§ What to work on: Copy each line below as it stands, but skip any picture it contains.

§ Available data:
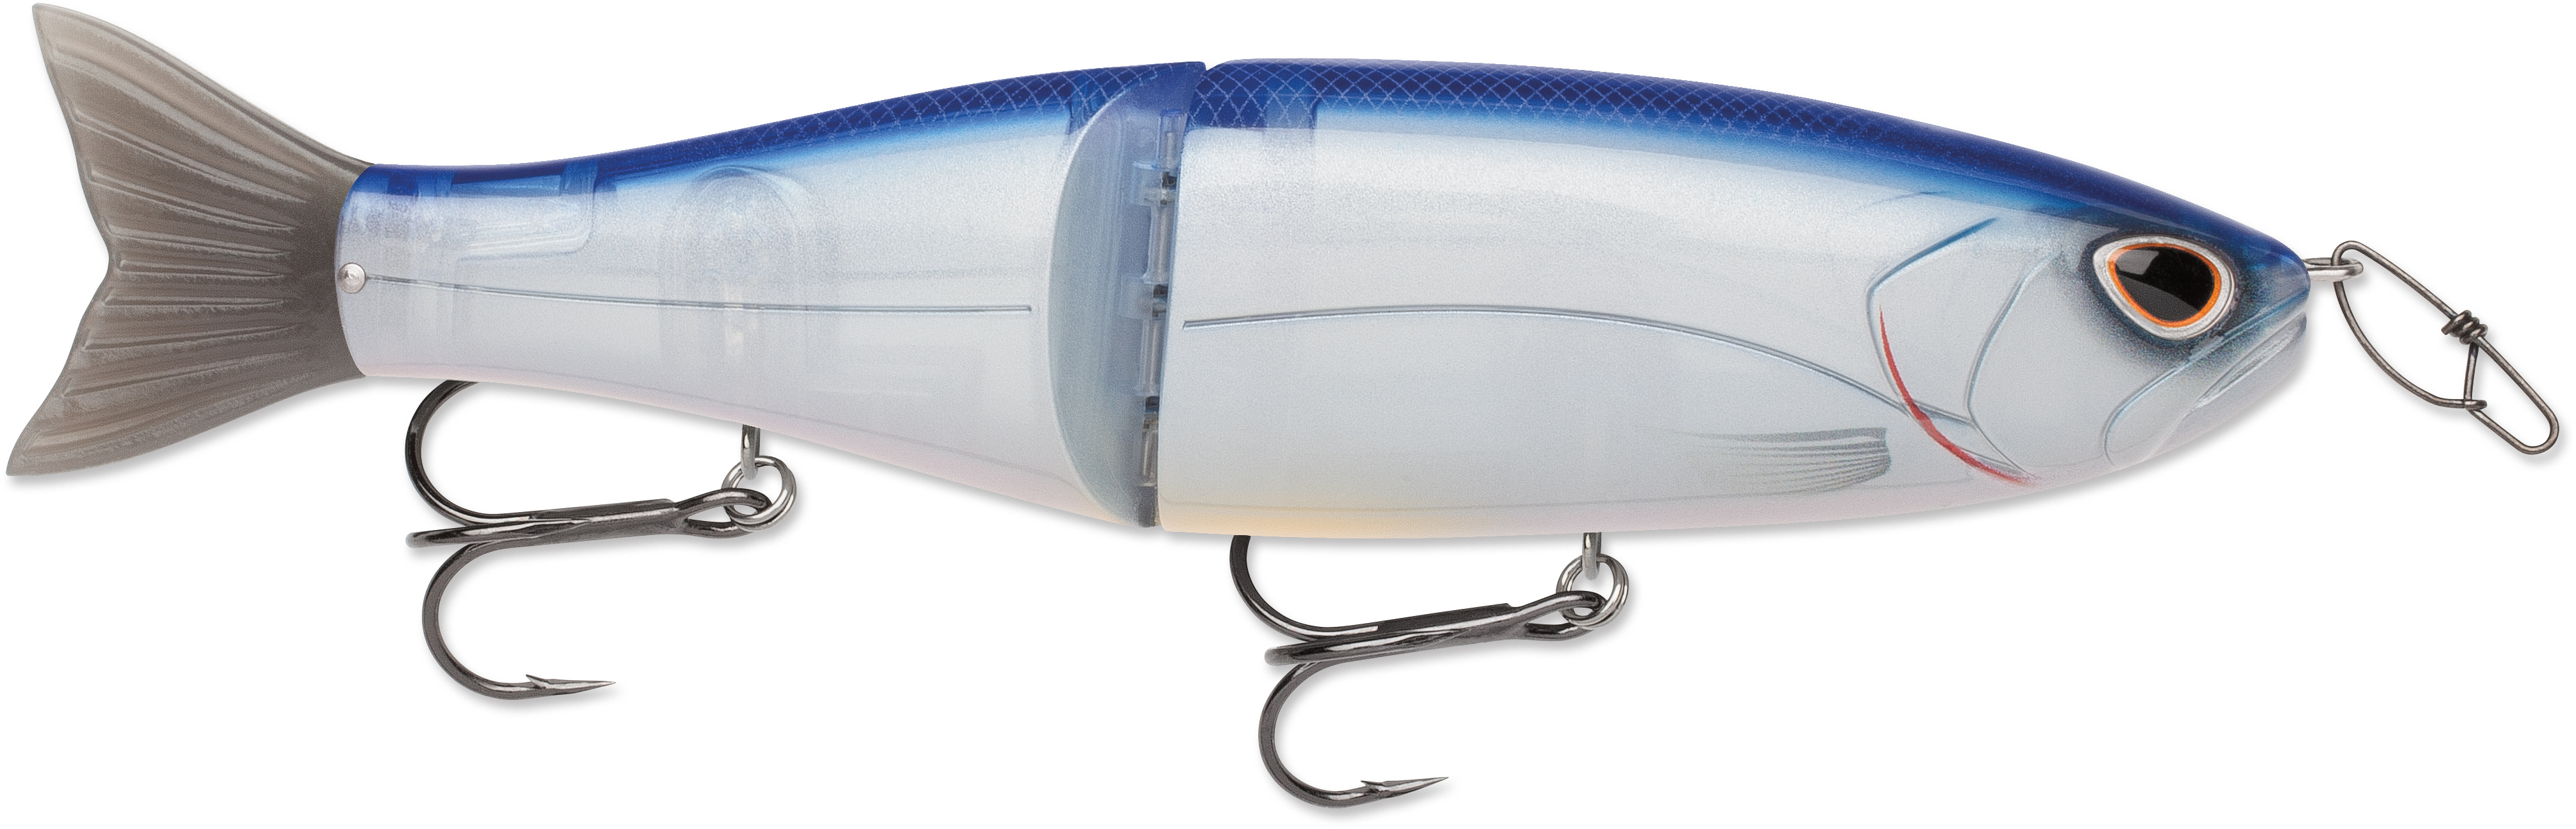 Storm Agb19 Arashi Glide Fishing Bait 690 Threadfin Shad for sale
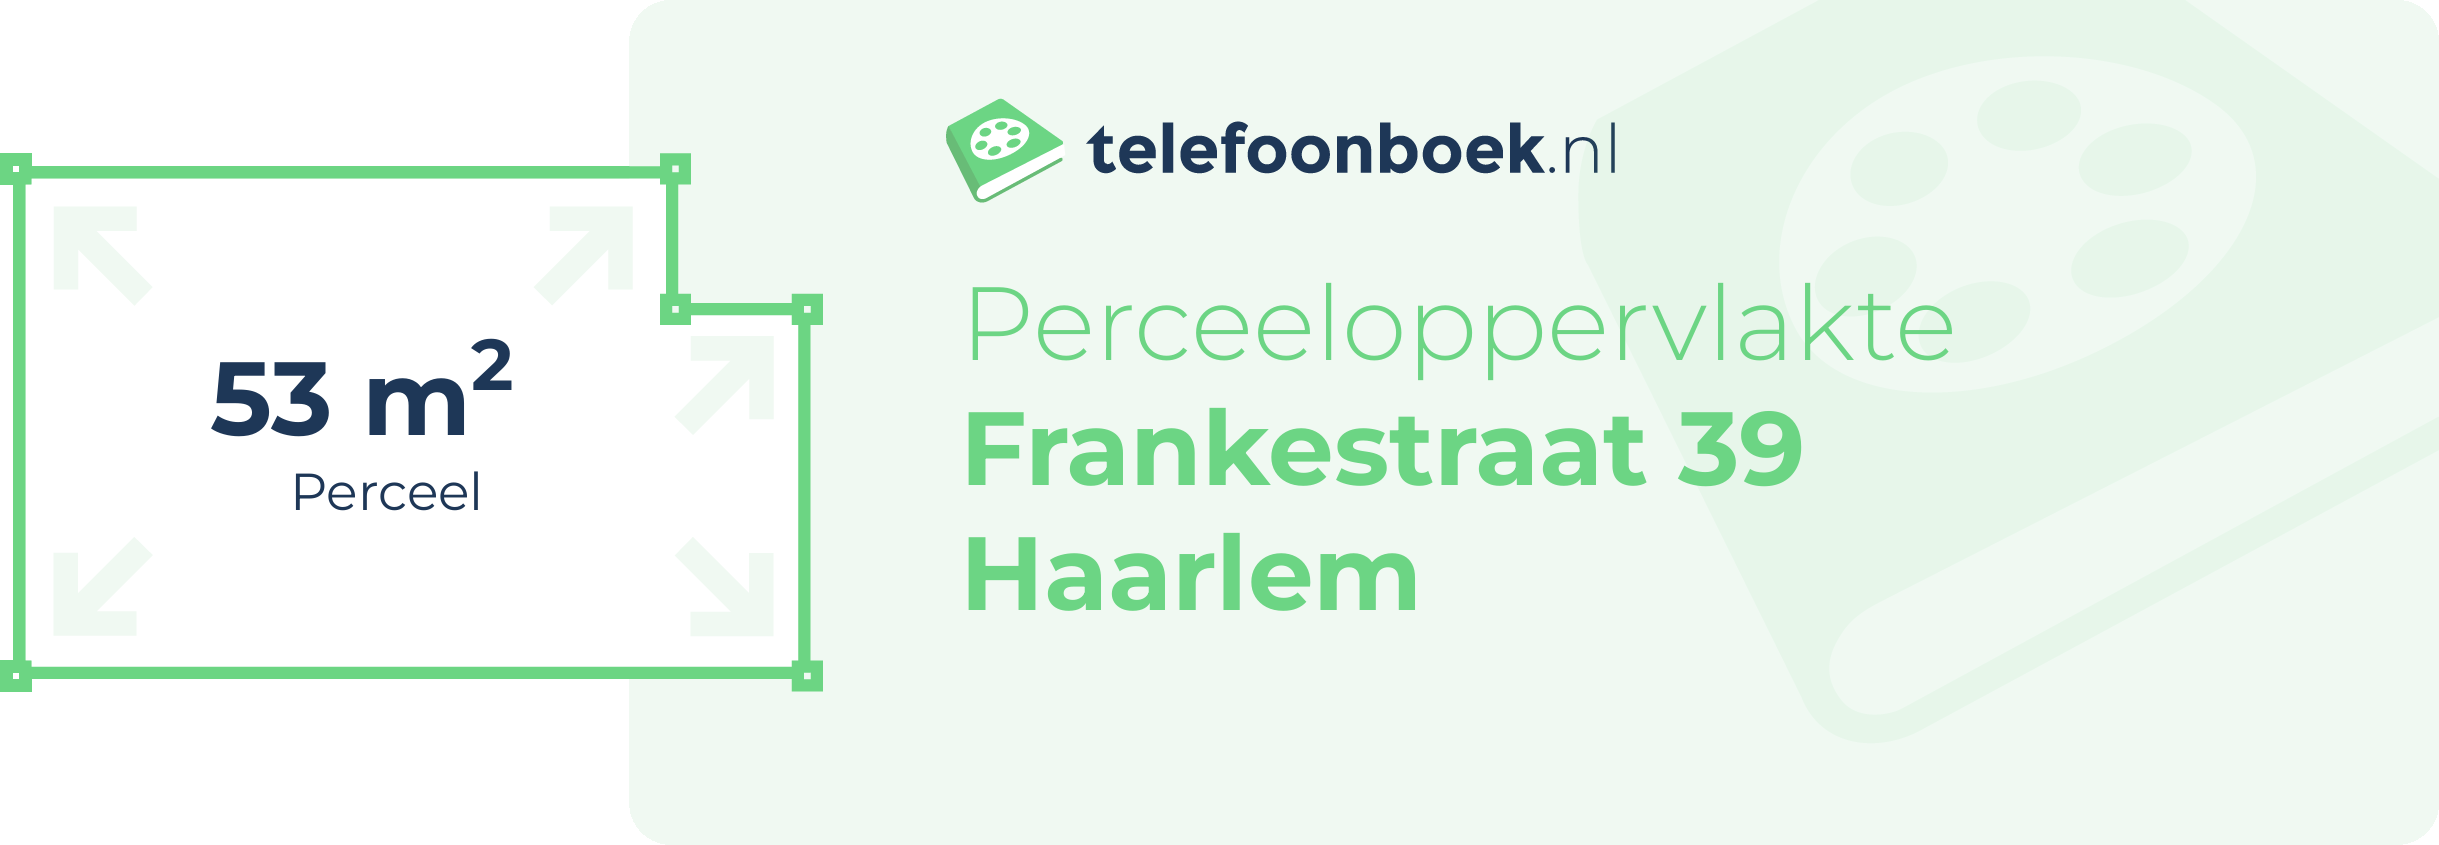 Perceeloppervlakte Frankestraat 39 Haarlem
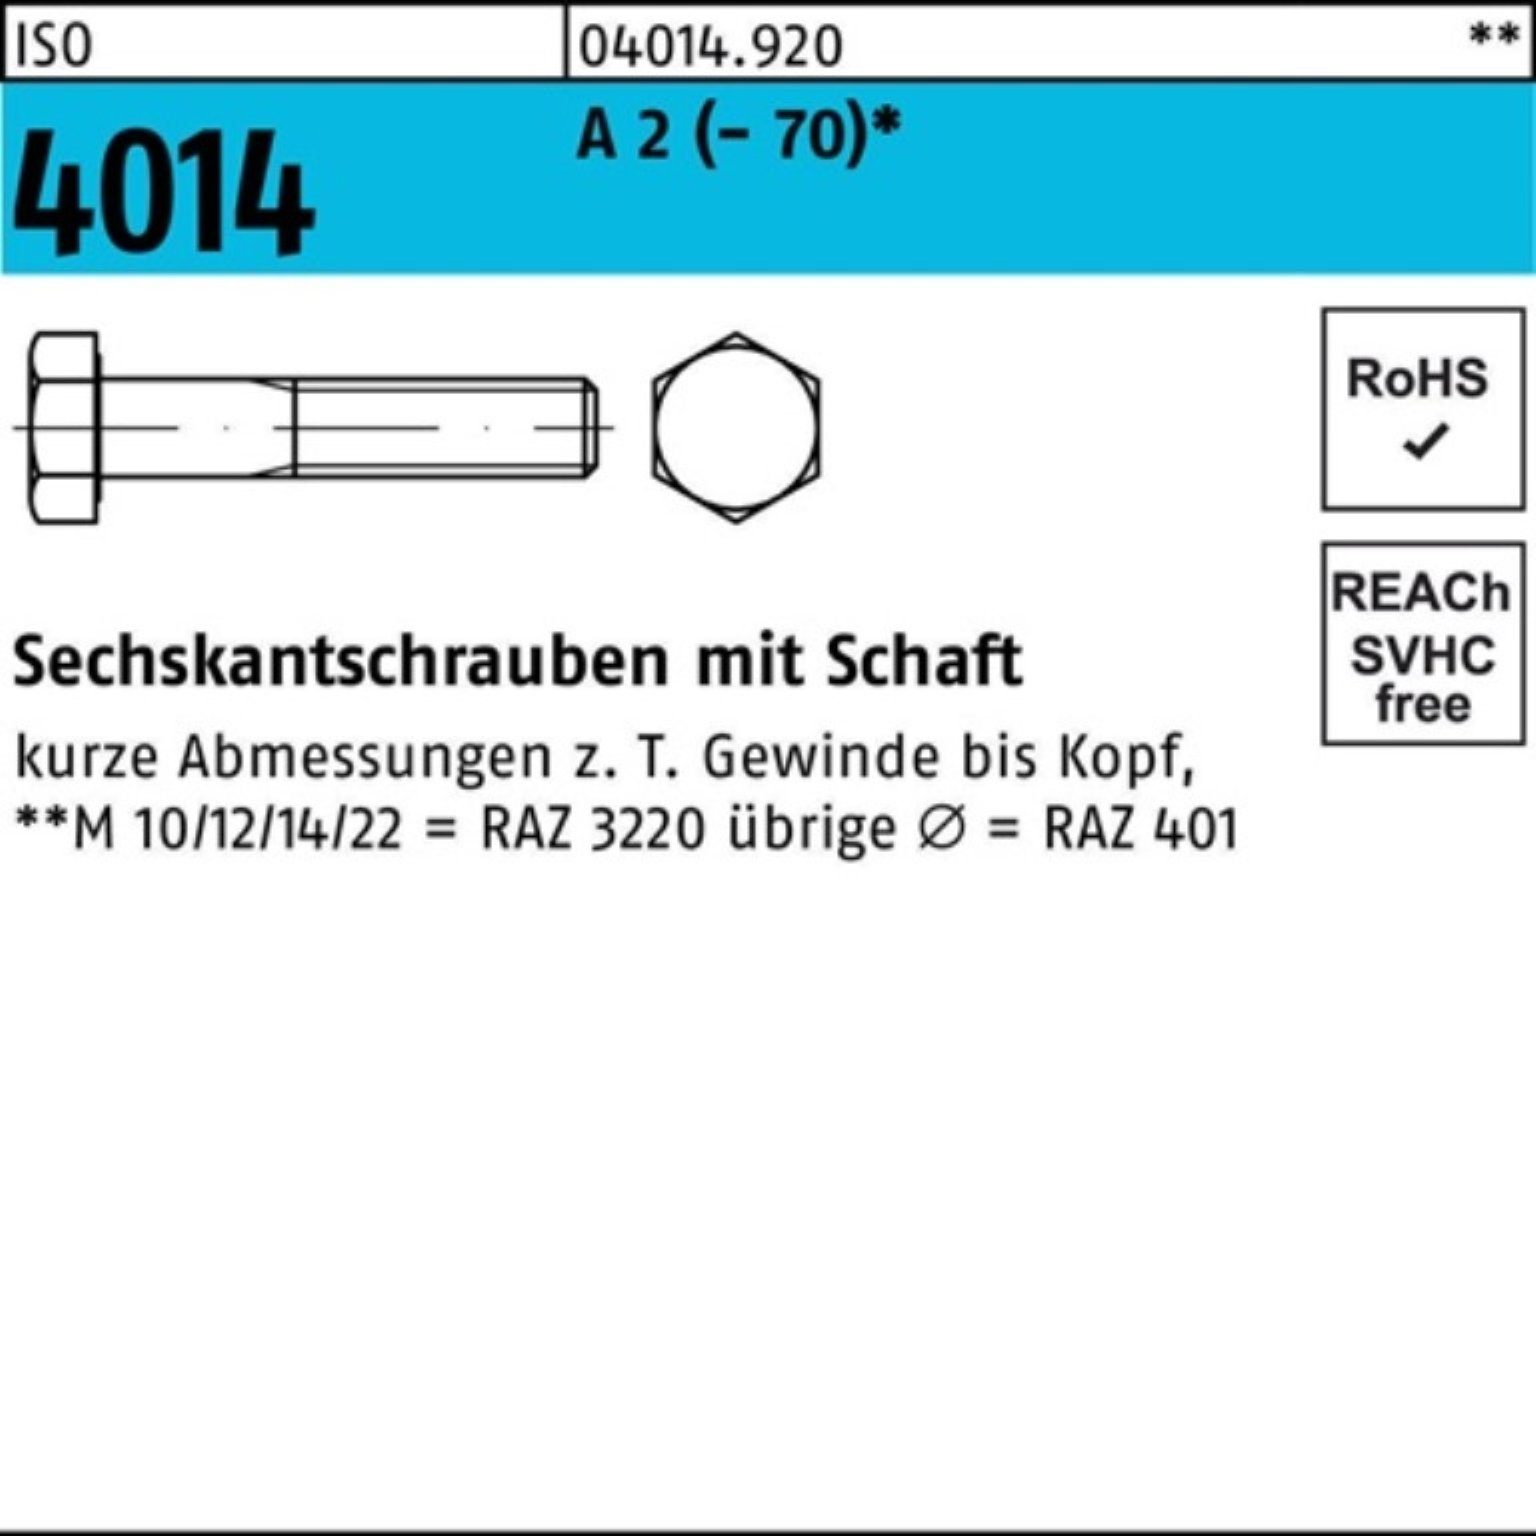 Bufab Sechskantschraube 100er Pack Sechskantschraube ISO 4014 Schaft M16x 120 A 2 (70) 25 St

§ Written solution:
 Storm Agb19 Arashi Glide Fishing Bait 690 Threadfin Shad for sale
 Perceeloppervlakte Frankestraat 39 Haarlem
 Bufab Sechskantschraube 100er Pack Sechskantschraube ISO 4014 Schaft M16x 120 A 2 (70) 25 St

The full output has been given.